Rakyat begitu percaya diri dengan kapal perang mereka.

"Saya melihat dengan mata kepala sendiri bagaimana meriam itu menghancurkan sebuah gunung kecil, dan kita memiliki seratus ribu meriam seperti itu!"
"Dunia Kultivasi Fisik pasti kalah, kemenangan adalah milik para pengrajin kita!"

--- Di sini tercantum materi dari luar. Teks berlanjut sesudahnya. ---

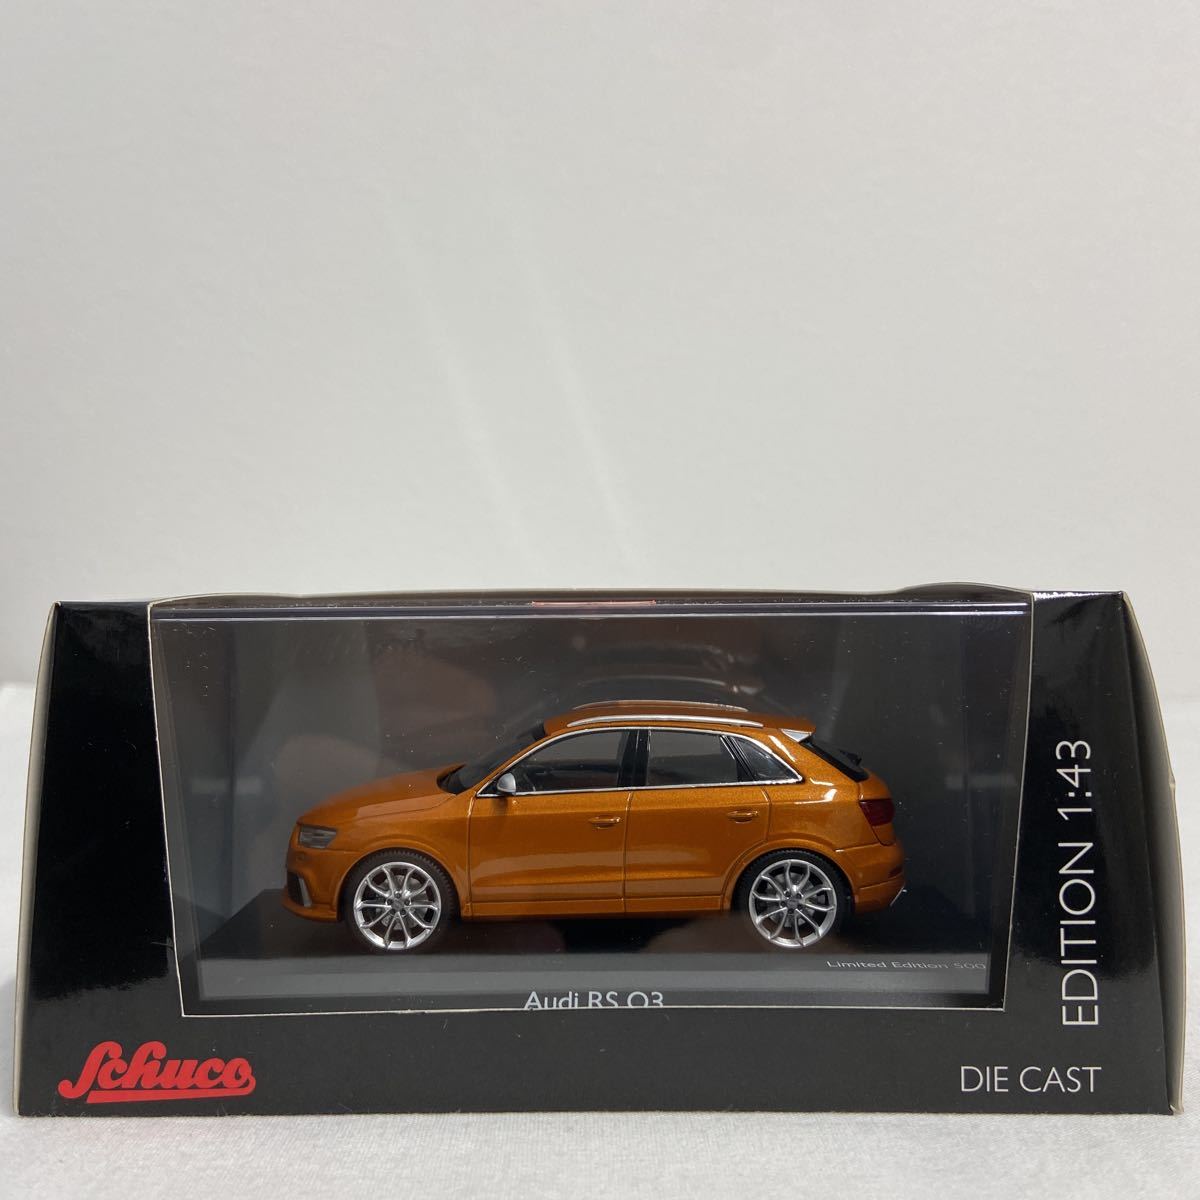 Schuco Limited Edition 1/43 Audi RS Q3 samoa orange シュコー アウディ サモアオレンジ 限定 ミニカー モデルカー_画像2

Pintu masuk terowongan antar-dunia semakin membesar, hingga akhirnya cukup luas untuk menampung sebuah lapangan basket. Saat itulah, sebuah bola berwarna biru terbang keluar dari dalam terowongan. Seluruh prajurit yang berjaga terpaku melihat bola tersebut, merasa bingung dan sulit memahami benda apa itu sebenarnya.

Seorang kultivator tingkat Jin Dan terbang mendekat untuk mengamati dengan saksama, lalu menyadari bahwa di permukaan bola itu terpantul hamparan bintang-bintang.

"Tidak ada fluktuasi energi spiritual, tidak terlihat seperti artefak suci, juga bukan senjata."
"Apa ini? Mungkinkah ini hadiah dari dunia Kultivasi Fisik sebagai tanda perdamaian?"

Kultivator tingkat Jin Dan itu meneliti dengan cermat, bahkan melepaskan kesadaran spiritualnya untuk menyelidiki bola tersebut. Namun, ia mendapati kesadaran spiritualnya sama sekali tidak mampu menembus ke dalam bola itu. Bola tersebut tidak memancarkan cahaya, tetapi di bagian dalamnya tampak hamparan bintang yang tak berujung, dan bintang-bintang itu terus bergerak.

Kultivator tingkat Jin Dan itu menyadari bahwa pergerakan bintang-bintang tersebut tidak beraturan, seolah acak. Namun, tepat saat ia hendak mengambil bola itu, hamparan bintang yang tak berujung itu tiba-tiba menyatu dan membentuk sebuah mata yang tegak.

Kemudian, sebuah suara bergema dari dalam bola tersebut.

"Dunia Kultivasi Spiritual, setelah kalian bersiap selama seratus tahun, hanya sampai tingkat inikah kemampuan kalian?"

Semua orang sontak terkejut. Sang kultivator tingkat Jin Dan berseru dengan sangat terperanjat, "Kau... kau bisa bicara?"

Para prajurit di atas kapal perang Tianwei juga merasa sangat ketakutan. Banyak di antara mereka adalah orang awam, sehingga mereka sama sekali tidak mengerti apa arti dari bola yang bisa berbicara ini.

Kultivator tingkat Jin Dan itu secara naluriah merasakan bahaya dan segera mundur, namun tampaknya sudah terlambat.

Tiba-tiba, sebuah pusaran energi spiritual muncul di permukaan bola itu. Tak lama kemudian, petir surgawi yang tak terhitung jumlahnya melilit pusaran tersebut, menciptakan pemandangan yang mengerikan.

Komandan armada segera berteriak, "Serang!"

Ratusan ribu meriam kristal spiritual segera meluncurkan tembakan dahsyat. Serangan serentak dari seratus ribu meriam seharusnya menjadi pemandangan yang luar biasa megah, namun semuanya seketika meredup di bawah satu kalimat.

"Petir Surgawi Sumeru, buyarlah!"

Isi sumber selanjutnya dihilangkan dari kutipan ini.